_EXERCISE OBJECTIVE_
Write out the listing below exactly, and omit any images you find in it.

_DATA EXTRACT_
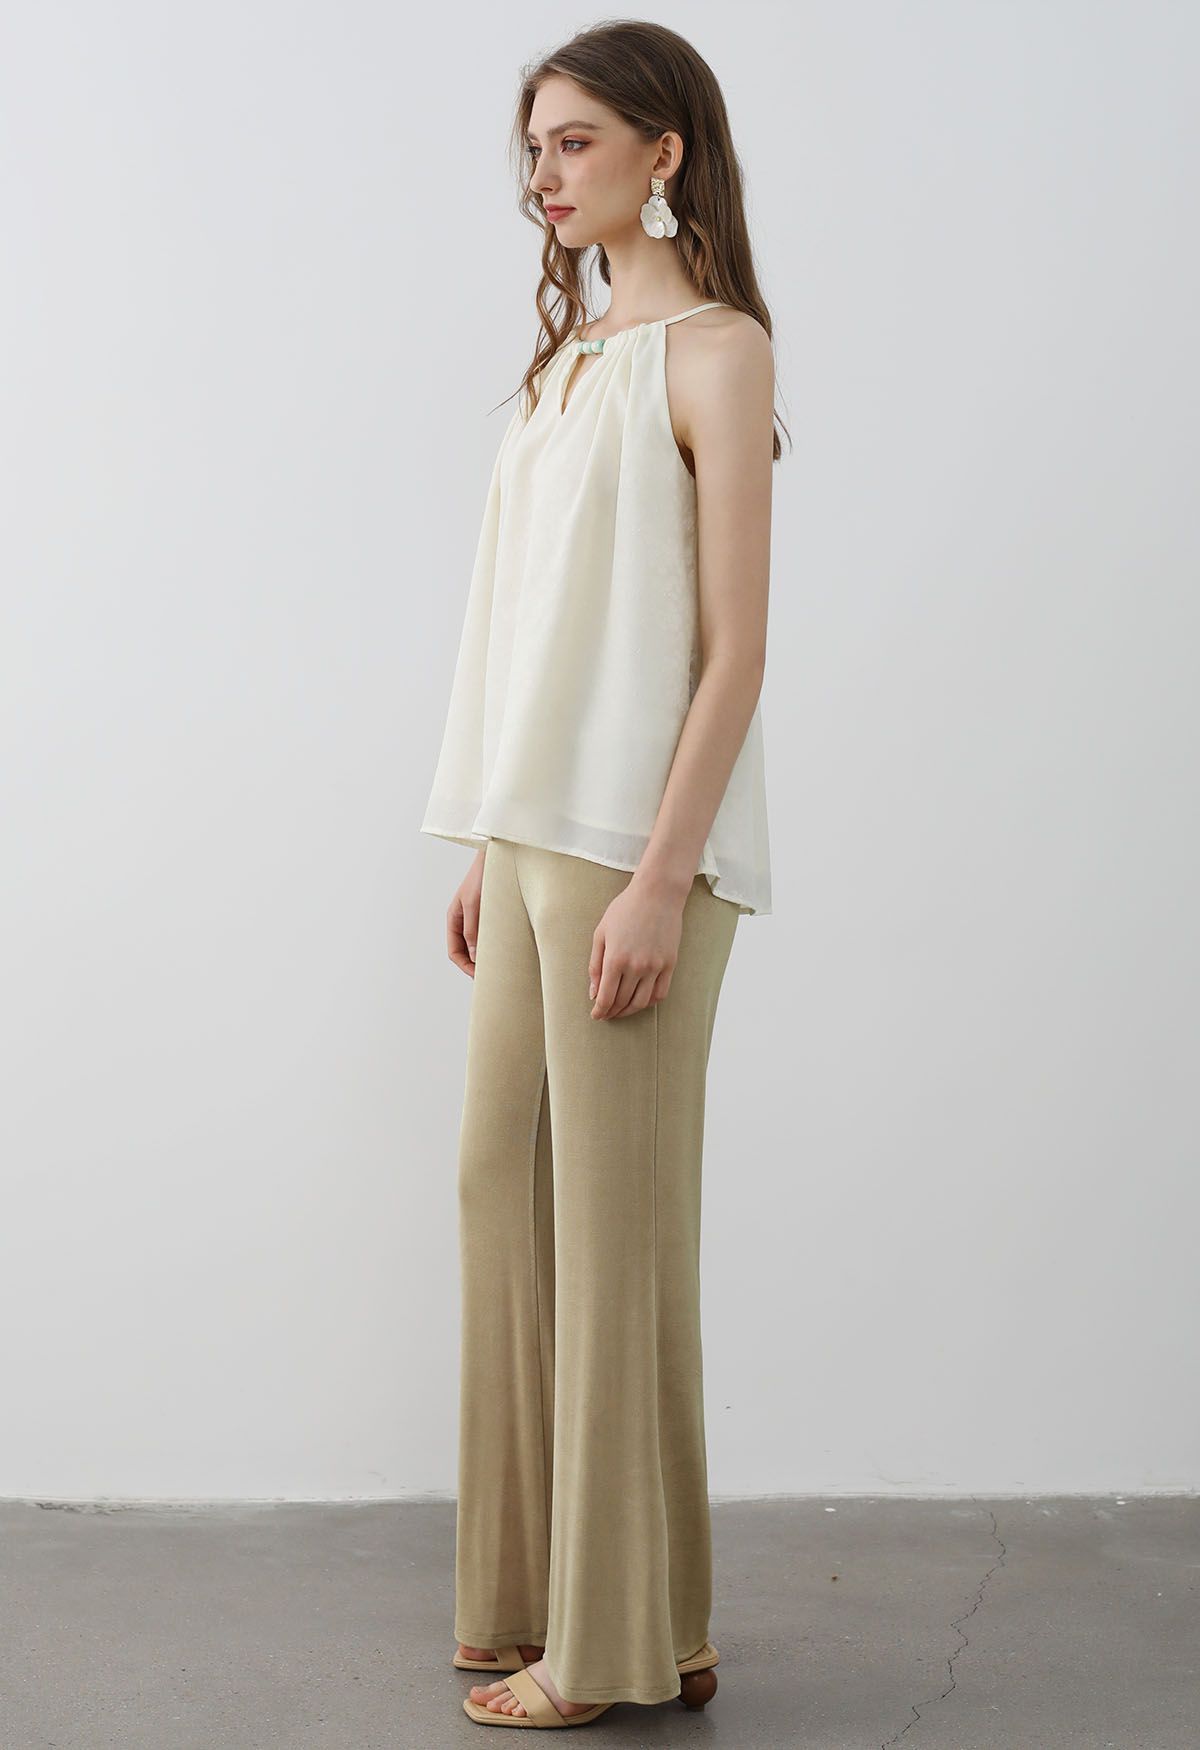 Relaxed Fit Flare Hem Pants in Sand
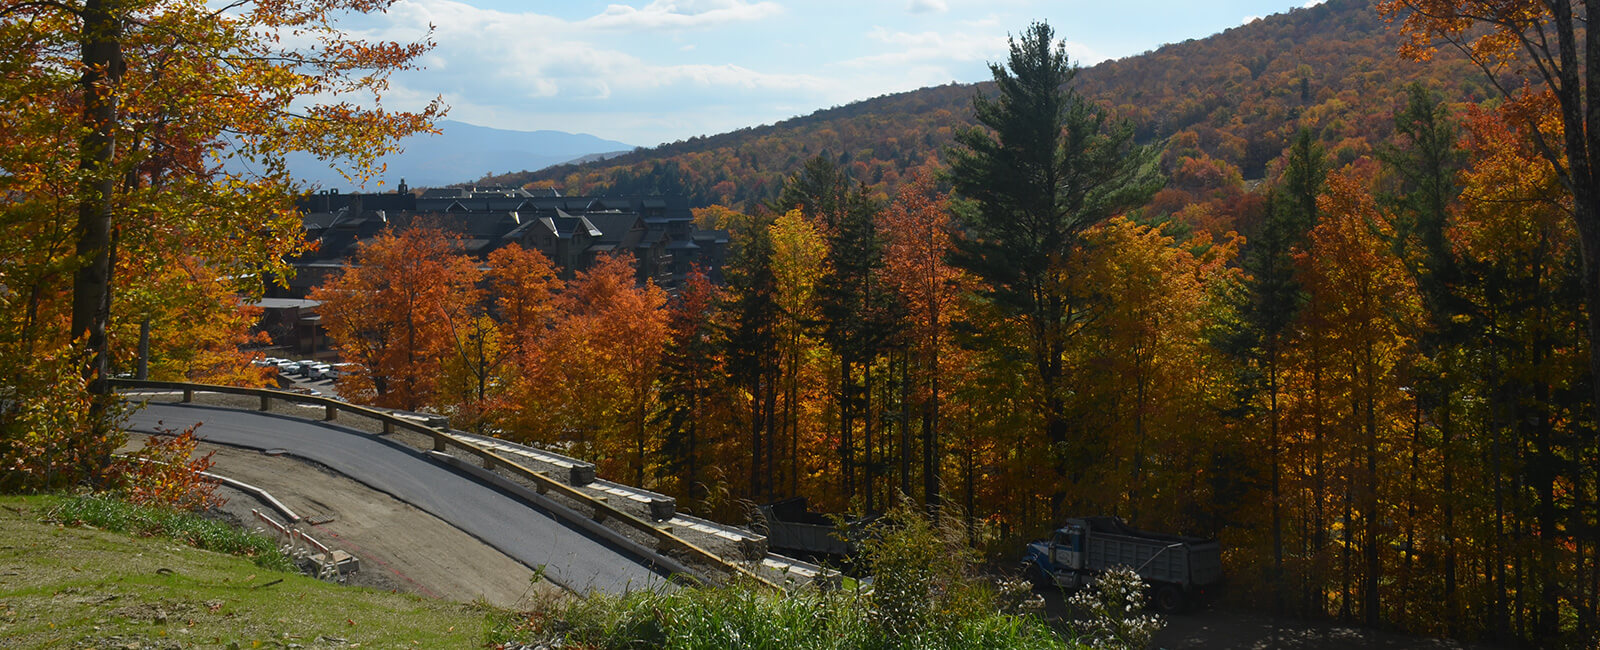 Experience Spruce Peak your way.  Build your dream home in the Northeast’s most luxurious mountain community.
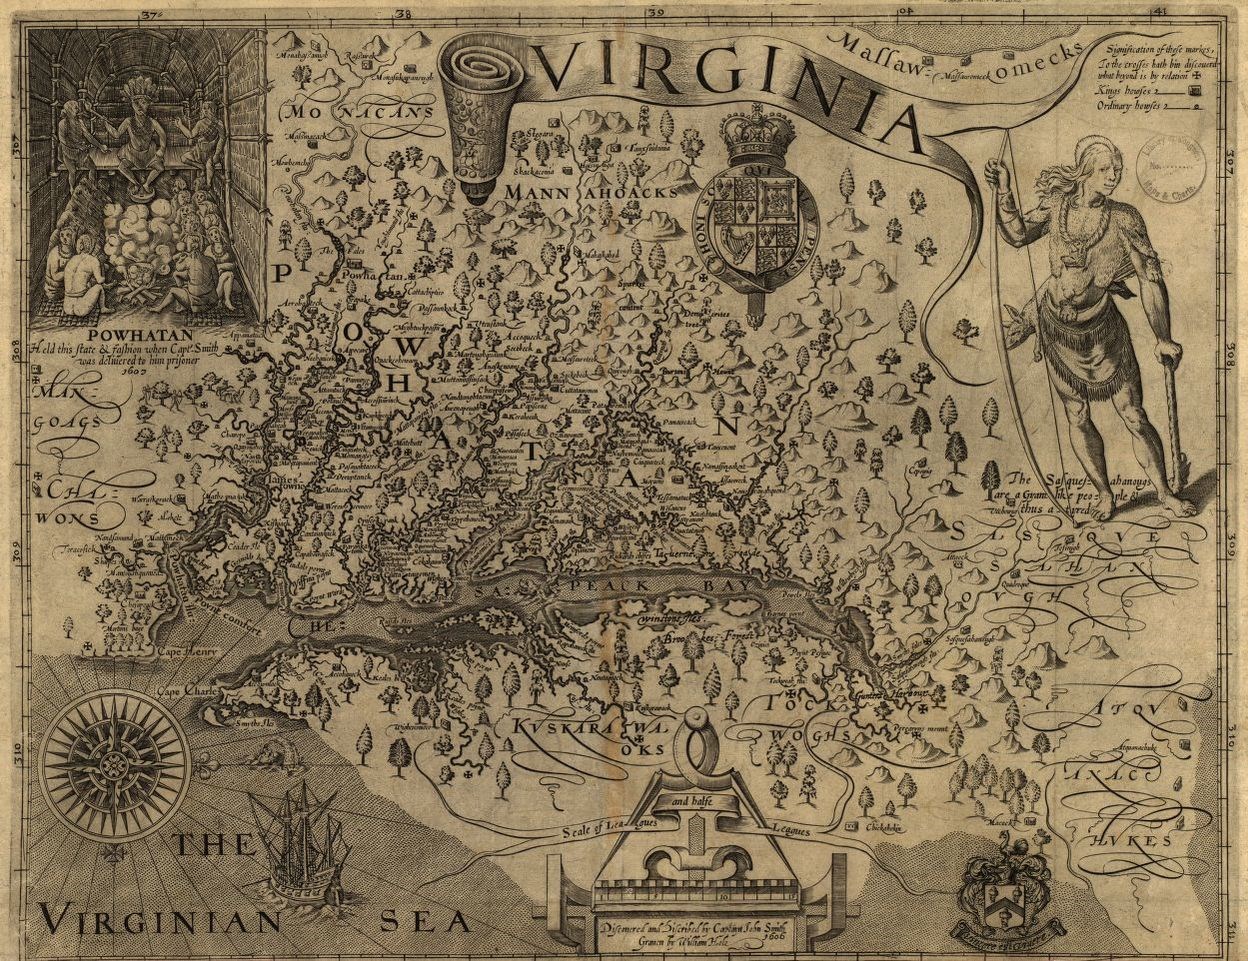 John Smith’s 1608 map of Virginia zoomed in on the region of modern-day Washington D.C. along the Potomac River. This map is oriented with north to the right of the map.  Native American settlements are depicted on the two opposing banks of the Potomac.
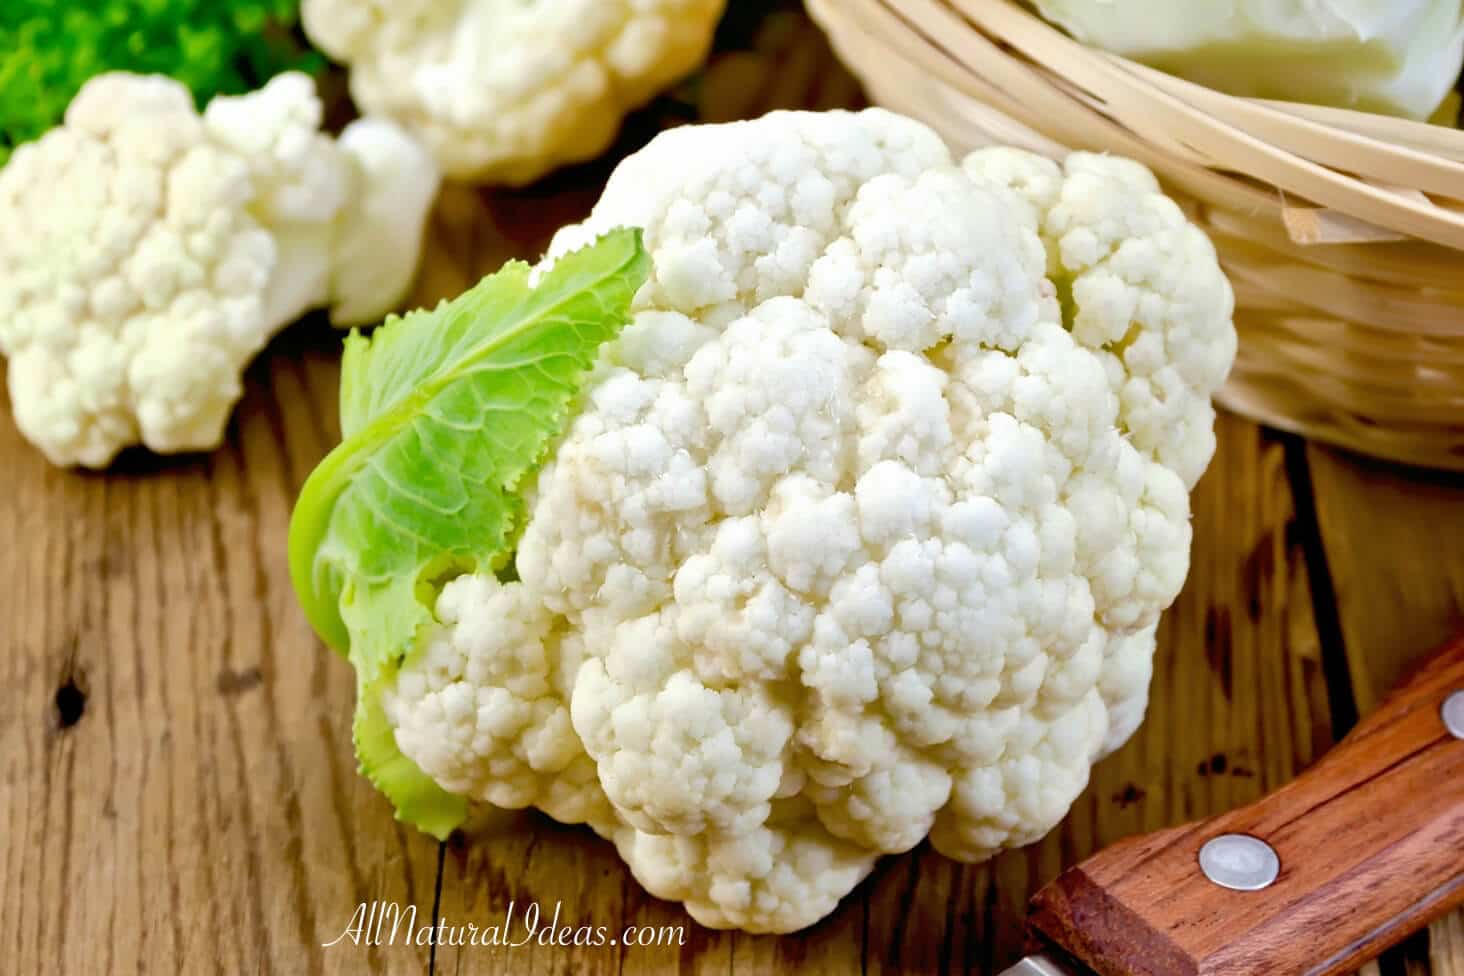 Cauliflower health benefits are plentiful. Here's a few reasons why you should be eating cauliflower along with 33 terrific low carb recipes.
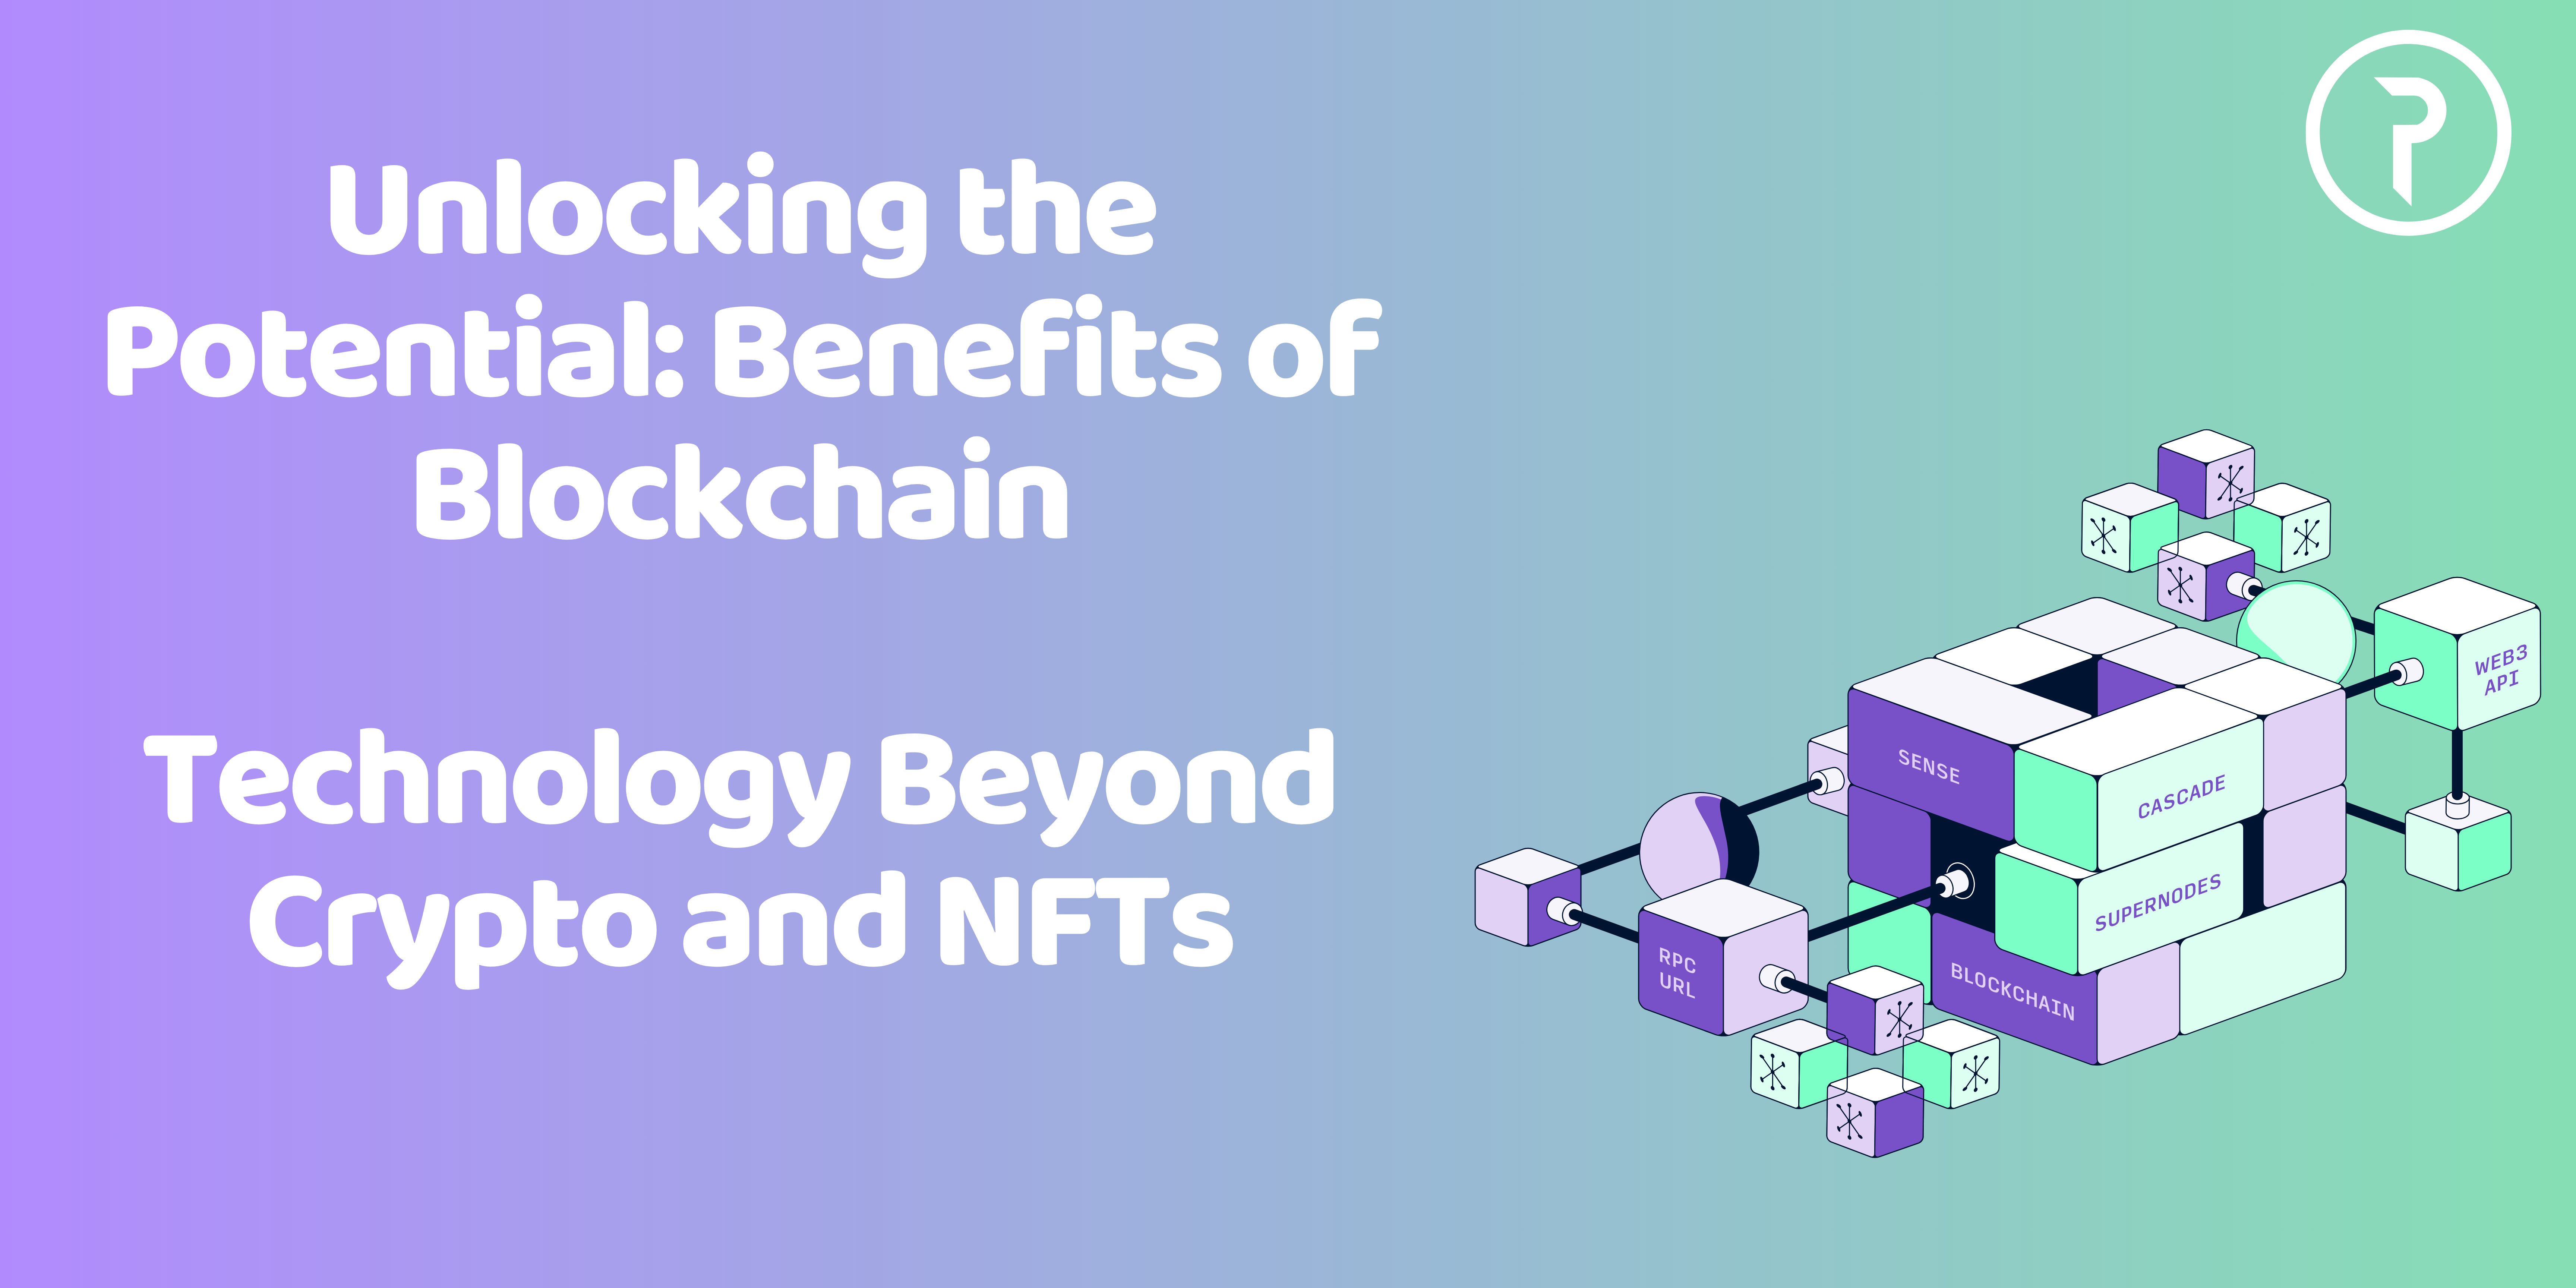 Unlocking the Potential: Benefits of Blockchain Technology Beyond Crypto and NFTs

_RESULT FOR THIS EXERCISE_
 Relaxed Fit Flare Hem Pants in Sand
 Experience Spruce Peak your way.  Build your dream home in the Northeast’s most luxurious mountain community.
 John Smith’s 1608 map of Virginia zoomed in on the region of modern-day Washington D.C. along the Potomac River. This map is oriented with north to the right of the map.  Native American settlements are depicted on the two opposing banks of the Potomac.
 Cauliflower health benefits are plentiful. Here's a few reasons why you should be eating cauliflower along with 33 terrific low carb recipes.
 Unlocking the Potential: Benefits of Blockchain Technology Beyond Crypto and NFTs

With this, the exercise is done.